We can also equivalently use the power set $\mathcal{P}(\Bbb N)$ to represent $2^{\Bbb N}$.

If you are presented with the (impossible) task of constructing a surjective mapping from $\Bbb N$ to $\mathcal{P}(\Bbb N)$ begin by contemplating the injective mapping

$\quad \kappa: \; n \mapsto \{n\}$

The function $\kappa$ is only hitting the singletons and has the following properties

$\quad \forall n \; n \in \kappa(n)$

$\quad \emptyset \notin \kappa(\Bbb N)$

If we could change $\kappa$ so that for some integer $b$, $\,\kappa(b) = \emptyset$, then $b \notin \kappa(b)$.
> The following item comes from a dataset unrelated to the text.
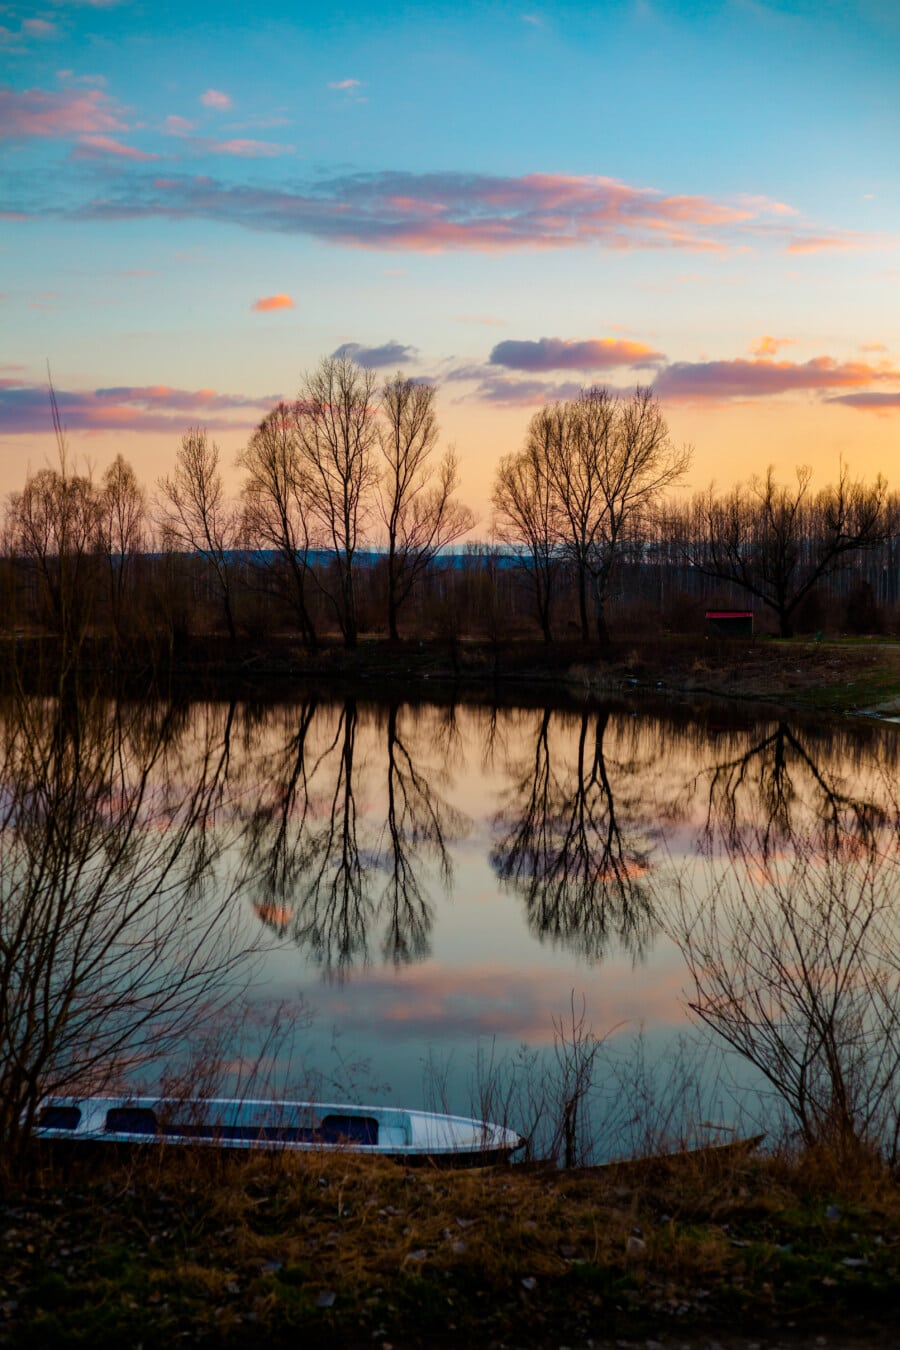 twilight, lake, sunset, tree, water, landscape, dawn, sun, reflection, nature
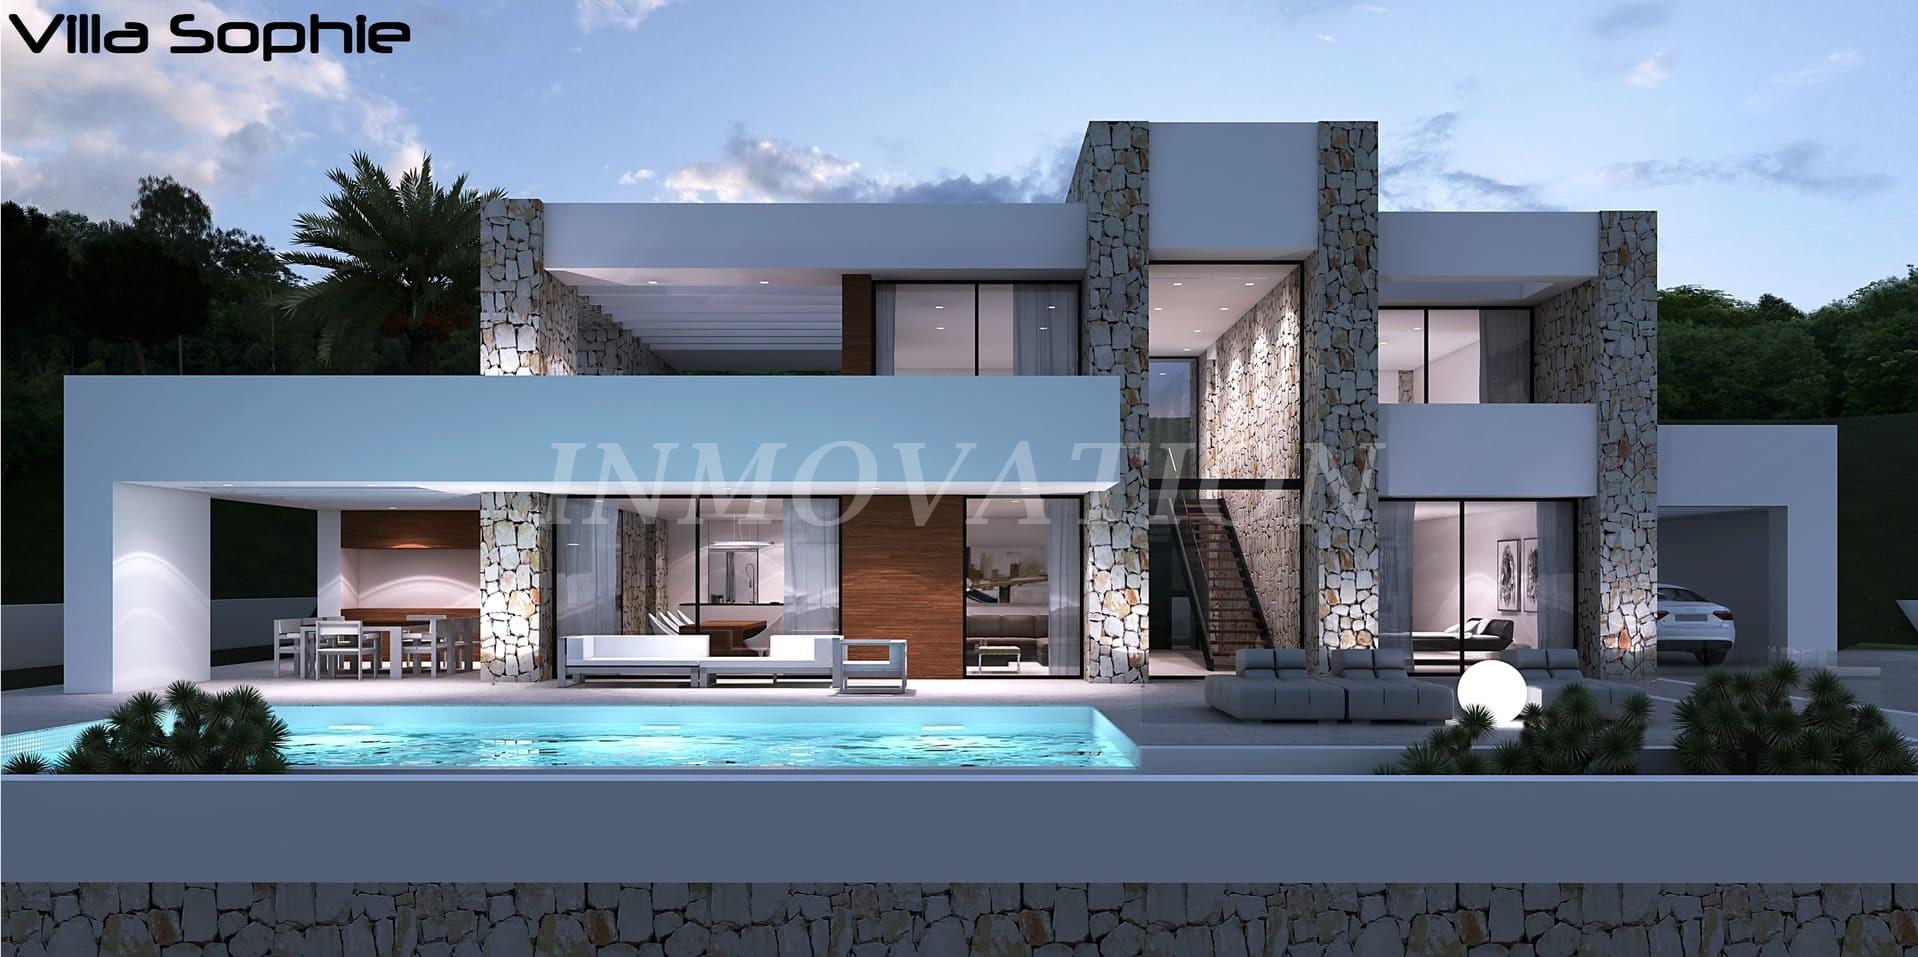 Top-Quality New Villa Project for Denia

We now intuitively realize that if $\kappa$ were to become a surjection the set

$\tag 1 B = \{b \in \Bbb N \mid b \notin \kappa(b)\}$

would be of interest - $\kappa$ must disassociate from the initial integer atoms to get full coverage.

The set $B$ is a measure (in the imagination) of how much $\kappa$ is a disassociative mapping. And it would certainly be amusing if there was no way that $B$ itself could be in the range of $\kappa$.

But that is indeed the case; see the proof of Cantor's theroem.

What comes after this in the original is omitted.